Fortunately for us, Paul’s doxology in verses 20-21 beautifully
positions all of the preceding petitions in a final expression of praise that
assumes that God will accomplish even more than that which remains for us
inarticulate and unimaginable. In other words, after Paul is done praying
for the Church, he nevertheless remains cognizant of the fact that God continues
attending to a divine prayer list that infinitely exceeds all our expectations!
How could the Church live as anything less than the embodiment of God’s
glory in the world, supported and upheld as it is by this underlying power
of God ready now to be made evident in the sovereign ease of its working?
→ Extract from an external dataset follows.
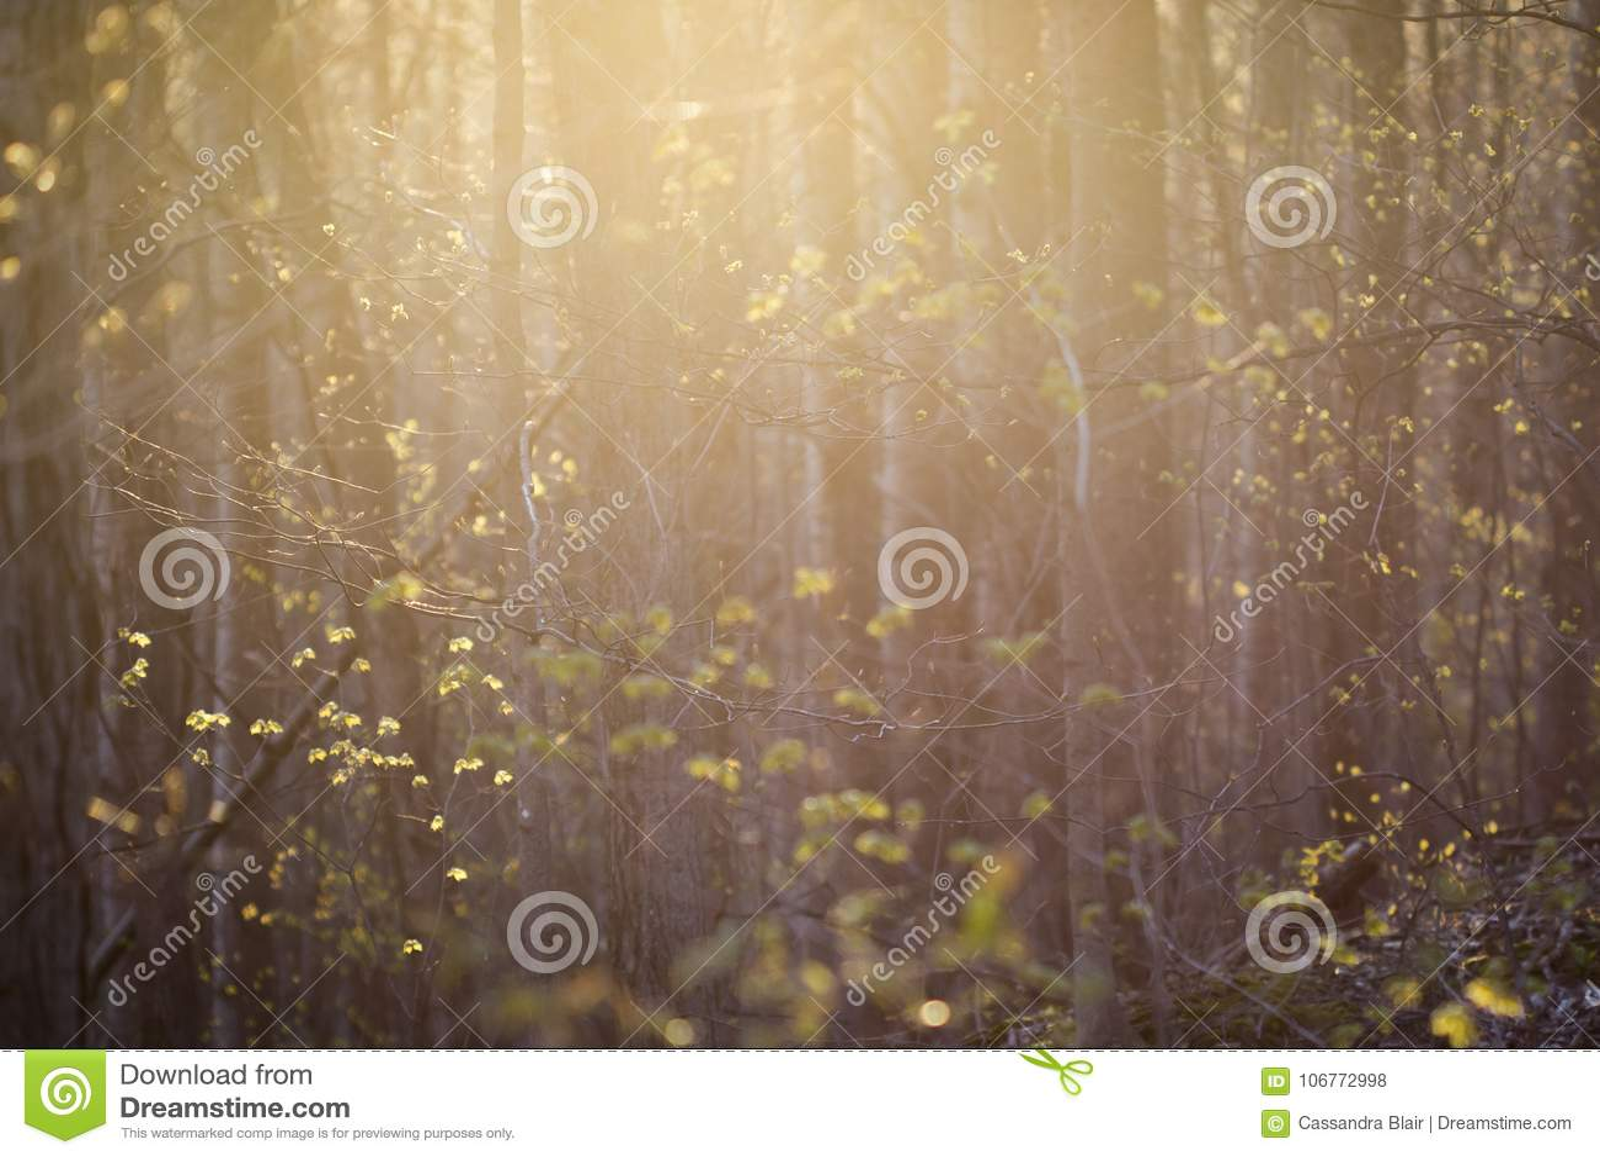 Lumière doucement rose et jaune sur une forêt de bourgeonnement

Or perhaps the better question might be to ask why the Church would ever wish
to live as anything less than the glory of God revealed in the world? What
answers we possess to that question undoubtedly indicate the seriousness by
which we have listened to Paul pray. Because whatever we might believe to
be predetermined by our own biography, it seems quite clear that this prayer
establishes a bold, new agenda for our theology when we reflect on Paul’s
assurance of full access to God as adopted members of the divine family. It
is not to be doubted that intimacy with God is a reliable confidence builder!
For just a moment, let’s review the gains we have experienced
in this text. With the assistance of our brother Paul, we have discovered
the secret mystery that nobody seemed to know: We are the ones God has chosen
to be saints! The significance of this revelation is enormous, for this mystery
has even been disclosed to cosmic rulers and authorities. As a result of this
new and stunning change in our self-awareness, we may be bold and confident
to enjoy all the privileges of immediate access to God. We know further that
the scope of what God has done is comprehensive, for nobody has been excluded
from the loving, paternal interest and advocacy of the Father who has given
a name to every family on earth. Given these completely unexpected, comprehensive,
and intimate assurances regarding our status as full and beloved members of
God’s own household, we have been pulled into a series of intercessory
requests intending that our lives be filled with that all-encompassing love
which is indistinguishably characteristic of God. Should any of this strike
us as too tame and self-limiting, Paul concluded his prayer with a doxological
shout that God’s own concerns for us remain even more transcendent than
we could anticipate. Contrary to all our revisionist criticisms and popular
misconceptions, this says Paul, is the true identity and vocation for saints
created to bring glory to God in the Church. Perhaps it is time that a holiness
preacher reminded us who we are and to Whom we belong!
(For the full manuscript
of this sermon go to www.preachersmagazine.org and click on “Sermons.”)
Recognizing that how something is said contributes significantly to the intelligibility and meaning of what has been said, both the preacher and the congregation should benefit from a sermon giving careful attention to the rhetorical dynamics inherent to the form of a biblical text. As Tom Long put it memorably, because particular forms prefer aesthetic expressions adapted to the unique features of such forms it would be unthinkable to install vinyl siding on the cathedral of Notre Dame! By implication, our text suggests we should consider how a preacher could extend the rhetorical impact of Paul’s intercession for the Ephesians. Although we know that no sermon is ever quite the same thing as a prayer, perhaps the preacher could aim to evoke a very real experience of being “prayed for” within the sermon. And is there any doubt that many will desire that divine infilling for which Paul prays?